卷积神经网络：CIFAR-10训练和测试（单块GPU）

正好闲暇，将前段时间搁浅的官方cifar-10的例子运行了一遍。我只有一个GPU，所以并没有完全照搬官方的代码，而是在此基础上，结合自己的理解，对代码进行了修改，总共有三个子文件，每个文件具体作用如下表所示。

文件	作用
cifar10_input.py	读取本地CIFAR-10的二进制文件格式，定义函数distorted_inputs获得训练数据和inputs函数获取测试数据
cifar10.py	建立卷积神经模型，定义损失函数，训练器和正确率计算等函数
training.py	训练CIFAR-10和评估CIFAR-10模型

完整代码见：https://github.com/skloisMary/CIFAR-10.git

CIFAR数据集

cifar-10是由Hinton的两个大弟子Alex Krizhevsky和IIya Sutskever收集的一个用于普适物体识别的数据集。该数据集共有60000张彩色图像，图像大小为32*32*3，分为10个类别，每个类别6000张图片。其中有50000张用于训练，构成5个训练批次，每一个批次共10000张图，余下10000张用于测试，单独构成一批次。

模型输入

CIFAR数据量较大，使用从文件中读取数据的方式，如果对此不了解，请查看我的博客文章tensorflow的三种数据输入。由于要在训练集上进行训练，在验证集上进行验证，评估模型，所以就使用了Multiple input pipelines方式，使用两个进程，建立两个独立的图和session

训练进程读取训练数据，并且周期性地将模型训练好的变量保存到checkpoint文件中去。
评估进程从checkpoint文件中恢复得到一个inference模型，这个模型读取评估数据。

cifar10_input.py中定义distorted_inputs函数获取训练数据。首先对图片随机剪裁为24*24像素大小，并对图像进行随机的左右翻转，随机变换图像的亮度，随机变换图像的对比度等操作来扩增数据集的大小，最后对图片进行白化处理，使得模型对图片的动态范围变化不敏感。

cifar10_input.py中定义inputs函数获取测试数据，对数据剪裁中央区域得到24*24像素大小，并进行白化操作。此外，与distorted_inputs函数不同的还包括未使用乱序进行批处理。

# 获取训练数据
def distorted_inputs(data_dir, batch_size):
    """对cifar训练集中的image数据进行变换，图像预处理
    param data_dir: 数据所处文件夹名称
    param batch_size: 批次大小
    return:
           images: 4D tensor of [batch_size, IMAGE_SIZE, IMAGE_SIZE, 3]
           labels: 1D tensor of [batch_size] size
    """
    filename = [os.path.join(data_dir, 'data_batch_%d.bin' % i) for i in range(1, 6)]
    for f in filename:
        if not tf.gfile.Exists(f):
            raise ValueError('Failed to find file: ' + f)

    filename_queue = tf.train.string_input_producer(filename)

    # 数据扩增
    with tf.name_scope('data_augmentation'):
        read_input = read_cifar10(filename_queue)
        reshaped_image = tf.cast(read_input.uint8image, tf.float32)

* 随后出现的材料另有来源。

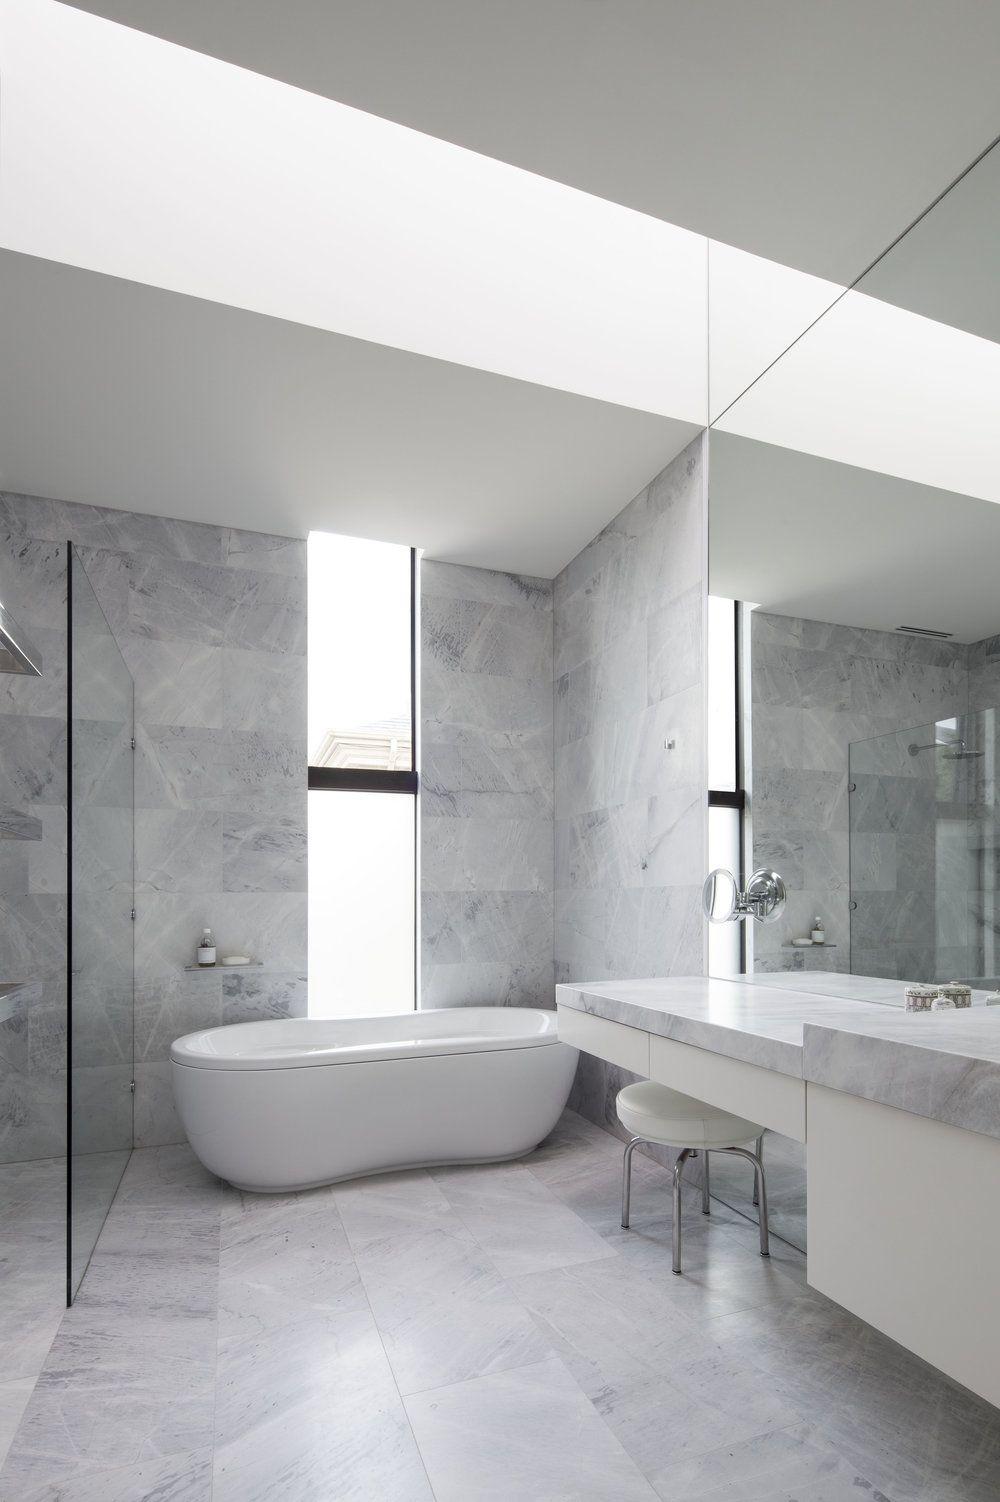 Mulgoa St_Matyas Architects_MG_2135_EDITED.jpg | Bathroom ...

        height = IMAGE_SIZE
        width = IMAGE_SIZE

        # tf.random_crop 对输入图像进行随意裁剪
        distored_image = tf.random_crop(reshaped_image, [height, width, 3])
        # tf.image.random_flip_left_right 随机左右翻转图片
        distored_image = tf.image.random_flip_left_right(distored_image)
        # tf.image.random_brightness在某范围随机调整图片亮度
        distored_image = tf.image.random_brightness(distored_image, max_delta=63)
        # tf.image.random_contrast 在某范围随机调整图片对比度
        distored_image = tf.image.random_contrast(distored_image, lower=0.2, upper=1.8)
        #归一化， 三维矩阵中的数字均值为0，方差为1， 白化操作
        float_image = tf.image.per_image_standardization(distored_image)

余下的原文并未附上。